Он не успел принять у меня экзамены в университете и попросил, в числе других опоздавших студентов, приехать к нему на квартиру. Через несколько дней я разыскал его дом на одном из бульваров и поднялся на третий этаж. Профессор был один. Я сдал ему зачет, и мы разговорились. Он предложил мне чашку кофе. Я согласился – меня заинтересовал этот умный и опытный преподаватель, перед глазами которого каждый день проходили сотни студентов. Он, наверное, хорошо должен был знать, чем живет советская молодежь.
Как-то так получилось, что я рассказал ему вскоре и о своем положении научного сотрудника, выезжающего иногда за границу, и о знакомстве с языками и культурой Запада, и даже о том, что стал недавно кандидатом партии. Незаметно разговор перешел на обстановку в нашей стране, трудности жизни и в особенности отсутствие свободы в преподавательском деле. Потом я опомнился и подумал со страхом, что профессор может принять меня за провокатора. Хотя, с другой стороны, провокатор не стал бы рассказывать о своей партийности или принадлежности к привилегированному сословию. Видимо, профессор думал так же, потому что сказал вдруг:
– Нет, нет, Николай Евгеньевич, мне кажется, вы неправы. Дело не так уж безнадежно. Я стар, и моя жизнь мне сил не прибавляет. Но даже я надеюсь. Надеюсь увидеть когда-нибудь Россию свободной. Где-то должны быть силы, которые борются против всего этого. Так всегда бывает в истории. Кажется, что все покрыто мраком и безнадежностью, а где-то есть люди, жертвующие всем и знающие, что нужно делать. Есть… есть…
Разговор на этом оборвался. Ответить старику мне было нечего. Я не мог согласиться с ним. Его слова о фантастических «силах» звучали для меня наивной невероятностью. Силы – это значит организация. А кто начнет создавать такую организацию в условиях общего самогипноза, убеждения, что сделать ничего нельзя и некому? Мне рассказывали во время войны, как фашисты-эсэсовцы водили сотни евреев на расстрел под охраной трех-четырех вооруженных конвойных. Казалось, что могло быть проще для евреев – взять и разбежаться, не говоря уж о сопротивлении?

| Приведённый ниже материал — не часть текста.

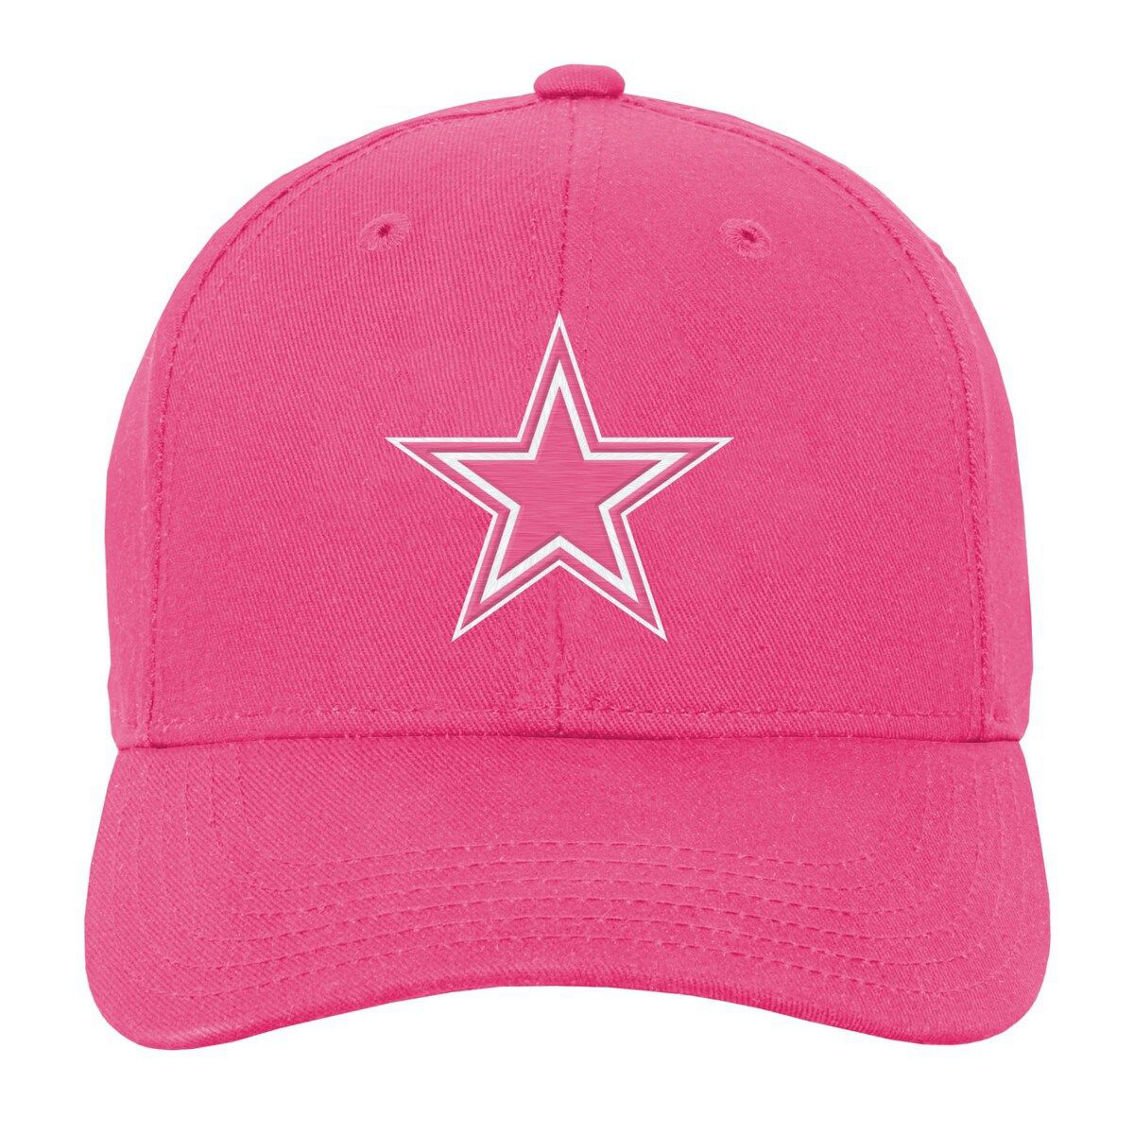 Outerstuff Girls Youth Pink Dallas Cowboys Adjustable Hat - Image 3 of 4

Ну, перестреляли бы с десяток-другой, но остальные ведь спаслись бы от верной смерти. И все же, наперекор всем разумным рассуждениям, кучка конвойных вела без каких-либо приключений сотни обреченных до самого места расстрела. Разгадка объяснима – кто-то должен был начать бунт и пожертвовать собой. Даже в таких колоннах обреченных людей не находилось зачинщиков. Где же им было найтись среди миллионов советских граждан, не знавших не только как начать, но и вообще, к какой цели идти?
Но возражать профессору я не стал. У меня появилось ощущение, что дальнейший разговор только увеличил бы своеобразное сообщничество между нами. К такому сообщничеству я был совсем не подготовлен.
И не над словами профессора о «силах» задумался я потом, а над его неожиданной смелостью. Да, он был знаком с психологией нового, послевоенного советского студенчества. Он, возможно, потому и верил, что его не выдадут.
Но я-то ведь не был рядовым студентом. Профессор знал, что я кандидат партии и что государство даже выпускает меня за границу.
Может быть, он слишком устал от жизни, и ему было все равно?
Встречи и разговоры с моими соотечественниками все чаще подтверждали мне, что профессор не был самоубийцей. Его поведение было нормальным следствием общего психологического процесса, развивающегося в массе русского народа. Это было зарождение чувства круговой поруки. Возникновение между людьми доверия в кредит, понимания, что все мы ближе друг к другу, чем к антинародной власти.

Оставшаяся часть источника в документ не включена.